As we
grew into adults with careers, life got busy. I’m sure you can relate – running
from one engagement to another, taking another quick day or weekend trip, and
likely some of you have had children and pets which complicated the busy.
Our
lives kept that busy pattern even after we moved to the farm. It was a
different kind of busy, but we were still busy. If we weren’t securing fences,
we were constructing pens in the barn, putting a new roof on the house, taking
care of the garden or something else as equally demanding. Nice weather only lasts so long to get these items crossed off the list, and then for the last
few winters, we were running non-stop on our few days off. Winter weekends became
one small adventure after another. Small, only because we had to be home by
sunset in those short days to take care of our animals.
And
we were always tired.
So we
shifted.
Somewhere
in the late fall, we decided to slow it all down. We now take one day a week to
blow off steam, let go of outward obligation, and take care of ourselves and
each other. Of course we are still responsible adults and make sure the sheep
and hens are taken care of, but now we say no to going out on Sundays. We
reserve that day for something we each want to do. Yes, sometimes that means a
day trip into Toronto to go to the museum or art gallery, but mostly it means
we are at home. This is the time that I spin and knit and read for me, not for
homework or customer orders. This is the time that Jeremy experiments with
making lip balms and hand lotions and games on his computer. Sometimes, it has nothing to do with sheep, bees, wool, honey, gardens or fences.
Today,
I spent three hours separating a fleece, lock by lock for the wash. This fleece is going to be a special project
for me to work with, because this fleece came from our wether, and he’s one of
my favourites (but don’t tell the other sheepies that!). As I pulled each lock
and placed it into the bags, I was able to feel connected to my sheep, admiring
the crimp and lustre in the fibre, smelling that earthy sheep smell of health
and wellness, pulling bits of vegetation out of the wool and wondering how he
got into it. At the end of those three hours, I had nine mesh bags full and
only a third of the fleece sorted. Oh well, it was a meditative time.
I
found Jeremy in the kitchen trying out a new lip balm recipe with his beeswax.

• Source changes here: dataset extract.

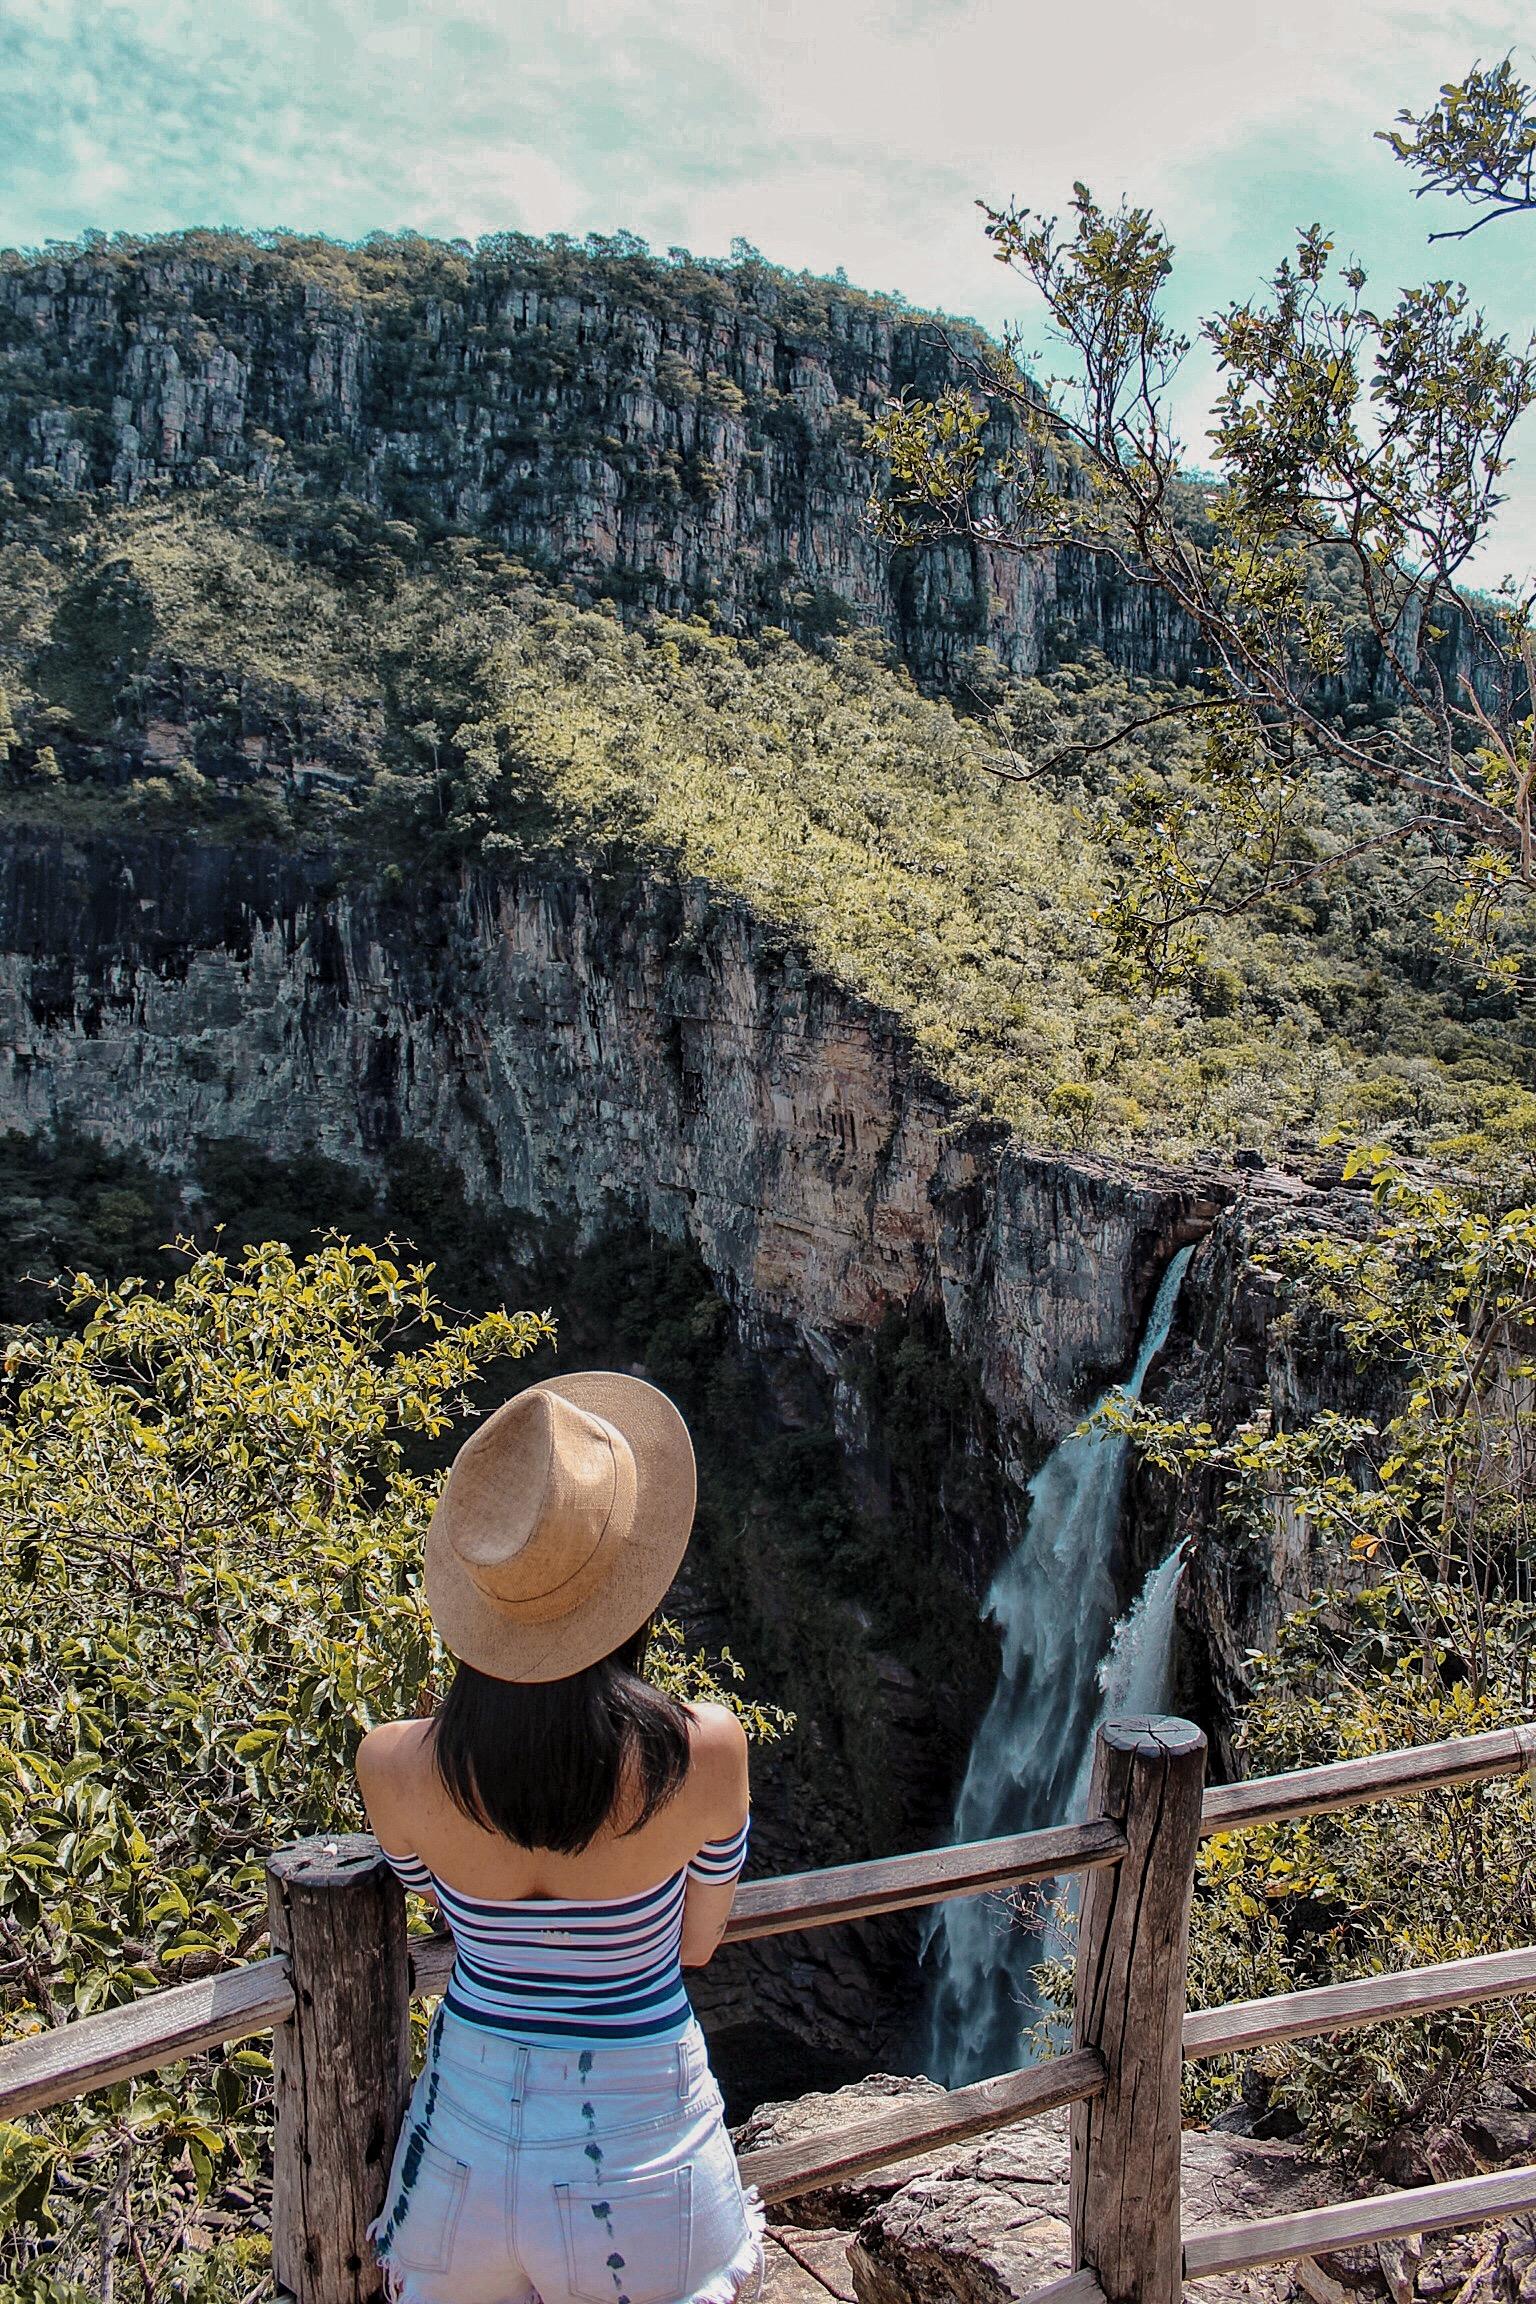 lifesthayle-parque-nacional-da-chapada-dos-veadeiros-salto-120m-mirante.JPG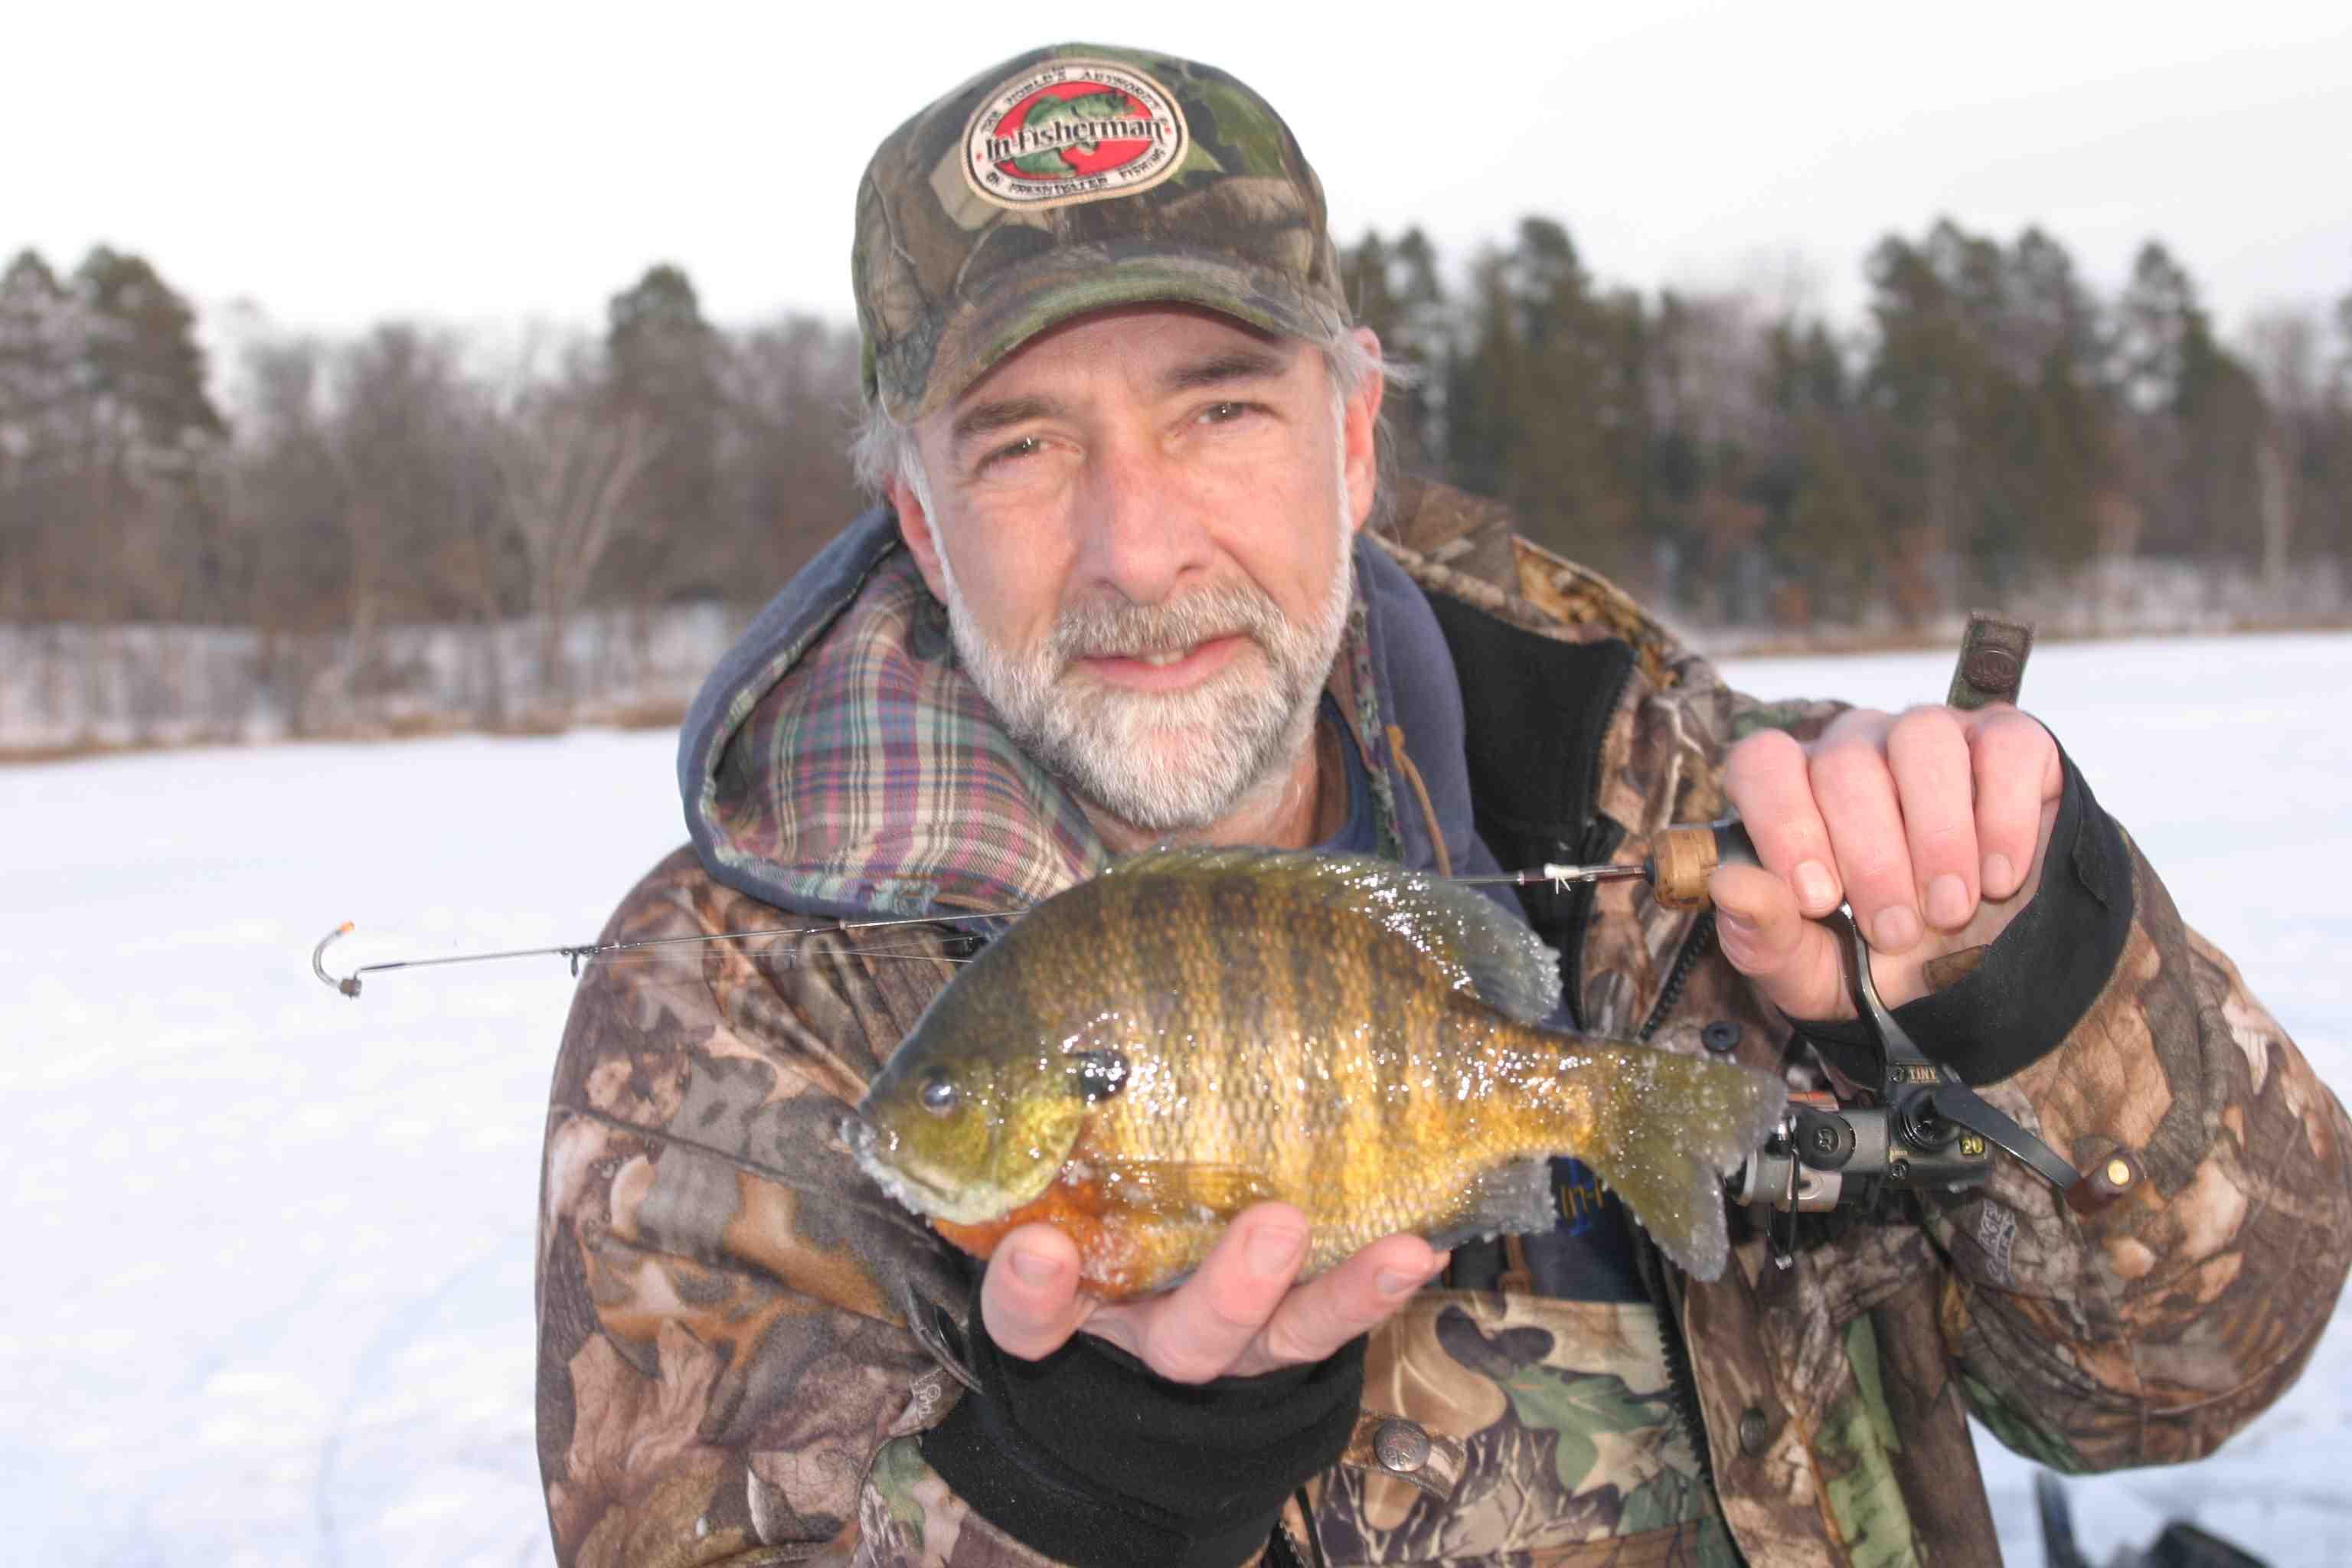 Attack Of The Holiday Panfish

I’m always an eager tester! He’d been focused in his own world too. Then,
because he had the wax-melting equipment out, I rounded up all of my candle
stubs from the last few months and together we made candles in a few of my
Grandmother’s teacups. They will look nice on the table tonight when we sit
down to dinner.
We
didn’t vacuum or dust or run into town for groceries, all the things we should
have done. In fact, on Sundays, if we start a sentence with “I should” or “We
should”, it means it’s time to back off and reconnect with ourselves.
As
the days lengthen, we are going to get busy with the farm and keeping things
going. There’s always something to do and something that needs fixing or
finishing. We are, however, going to keep Sundays low key. Events will come up
that will interfere with this plan, after all, we have animals and they don’t care
if it’s Sunday when they break out of a pen, or it may be the only day in four days that it hasn't rained and the garden needs tending. We will just have to roll with it
and keep shifting back to this plan of quiet.
Today has been a very good day. I feel productive. I took care of me and that will
allow me to take care of the rest of my little corner of the world.